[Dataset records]
━━━━━━━━━━━━━━━━━━━━
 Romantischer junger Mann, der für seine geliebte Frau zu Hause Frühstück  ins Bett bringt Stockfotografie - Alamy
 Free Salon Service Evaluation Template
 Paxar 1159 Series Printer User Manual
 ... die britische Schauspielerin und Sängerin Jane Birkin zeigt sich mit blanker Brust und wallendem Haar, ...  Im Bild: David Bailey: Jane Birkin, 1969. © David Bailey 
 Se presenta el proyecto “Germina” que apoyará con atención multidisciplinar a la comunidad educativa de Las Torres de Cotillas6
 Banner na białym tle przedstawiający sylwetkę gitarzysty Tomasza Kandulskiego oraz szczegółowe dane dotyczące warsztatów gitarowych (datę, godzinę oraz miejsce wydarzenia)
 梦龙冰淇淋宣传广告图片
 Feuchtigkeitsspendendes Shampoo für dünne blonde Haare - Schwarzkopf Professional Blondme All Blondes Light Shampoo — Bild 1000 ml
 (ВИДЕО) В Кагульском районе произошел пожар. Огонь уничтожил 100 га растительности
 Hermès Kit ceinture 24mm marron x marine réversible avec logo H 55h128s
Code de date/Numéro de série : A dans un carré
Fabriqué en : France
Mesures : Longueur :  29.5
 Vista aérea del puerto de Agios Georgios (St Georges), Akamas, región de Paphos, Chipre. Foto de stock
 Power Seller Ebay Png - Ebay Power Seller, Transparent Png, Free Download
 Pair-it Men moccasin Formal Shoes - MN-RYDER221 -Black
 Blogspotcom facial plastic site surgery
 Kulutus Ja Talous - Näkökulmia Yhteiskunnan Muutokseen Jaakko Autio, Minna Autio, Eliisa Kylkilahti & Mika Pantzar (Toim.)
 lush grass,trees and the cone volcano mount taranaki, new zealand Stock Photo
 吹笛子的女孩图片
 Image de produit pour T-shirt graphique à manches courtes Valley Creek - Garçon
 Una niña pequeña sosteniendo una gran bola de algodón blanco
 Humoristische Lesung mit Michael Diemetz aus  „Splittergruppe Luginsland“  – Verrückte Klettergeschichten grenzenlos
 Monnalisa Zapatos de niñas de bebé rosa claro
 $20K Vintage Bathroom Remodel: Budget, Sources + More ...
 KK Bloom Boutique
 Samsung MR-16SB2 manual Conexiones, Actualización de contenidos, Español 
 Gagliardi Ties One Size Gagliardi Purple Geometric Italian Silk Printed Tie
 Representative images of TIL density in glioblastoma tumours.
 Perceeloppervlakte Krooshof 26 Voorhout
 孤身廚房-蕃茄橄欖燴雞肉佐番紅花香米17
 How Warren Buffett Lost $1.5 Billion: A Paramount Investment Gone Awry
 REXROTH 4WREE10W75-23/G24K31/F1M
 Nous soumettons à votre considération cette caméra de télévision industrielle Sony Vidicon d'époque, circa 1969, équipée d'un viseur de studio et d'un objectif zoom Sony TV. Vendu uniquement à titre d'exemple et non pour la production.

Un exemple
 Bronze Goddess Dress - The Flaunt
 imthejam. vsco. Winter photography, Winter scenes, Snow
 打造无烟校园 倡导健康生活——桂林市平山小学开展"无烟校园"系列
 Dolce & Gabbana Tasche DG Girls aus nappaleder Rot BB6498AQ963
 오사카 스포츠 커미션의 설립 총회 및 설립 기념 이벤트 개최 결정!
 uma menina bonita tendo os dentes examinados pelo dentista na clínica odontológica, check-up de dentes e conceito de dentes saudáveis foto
━━━━━━━━━━━━━━━━━━━━
REQUIREMENT - What you return must be an exact retyping of the lines above starting at the line with "lush grass,trees and" and ending at the line with "Samsung MR-16SB2 manual", and nothing besides.

YOUR SOLUTION -
 lush grass,trees and the cone volcano mount taranaki, new zealand Stock Photo
 吹笛子的女孩图片
 Image de produit pour T-shirt graphique à manches courtes Valley Creek - Garçon
 Una niña pequeña sosteniendo una gran bola de algodón blanco
 Humoristische Lesung mit Michael Diemetz aus  „Splittergruppe Luginsland“  – Verrückte Klettergeschichten grenzenlos
 Monnalisa Zapatos de niñas de bebé rosa claro
 $20K Vintage Bathroom Remodel: Budget, Sources + More ...
 KK Bloom Boutique
 Samsung MR-16SB2 manual Conexiones, Actualización de contenidos, Español 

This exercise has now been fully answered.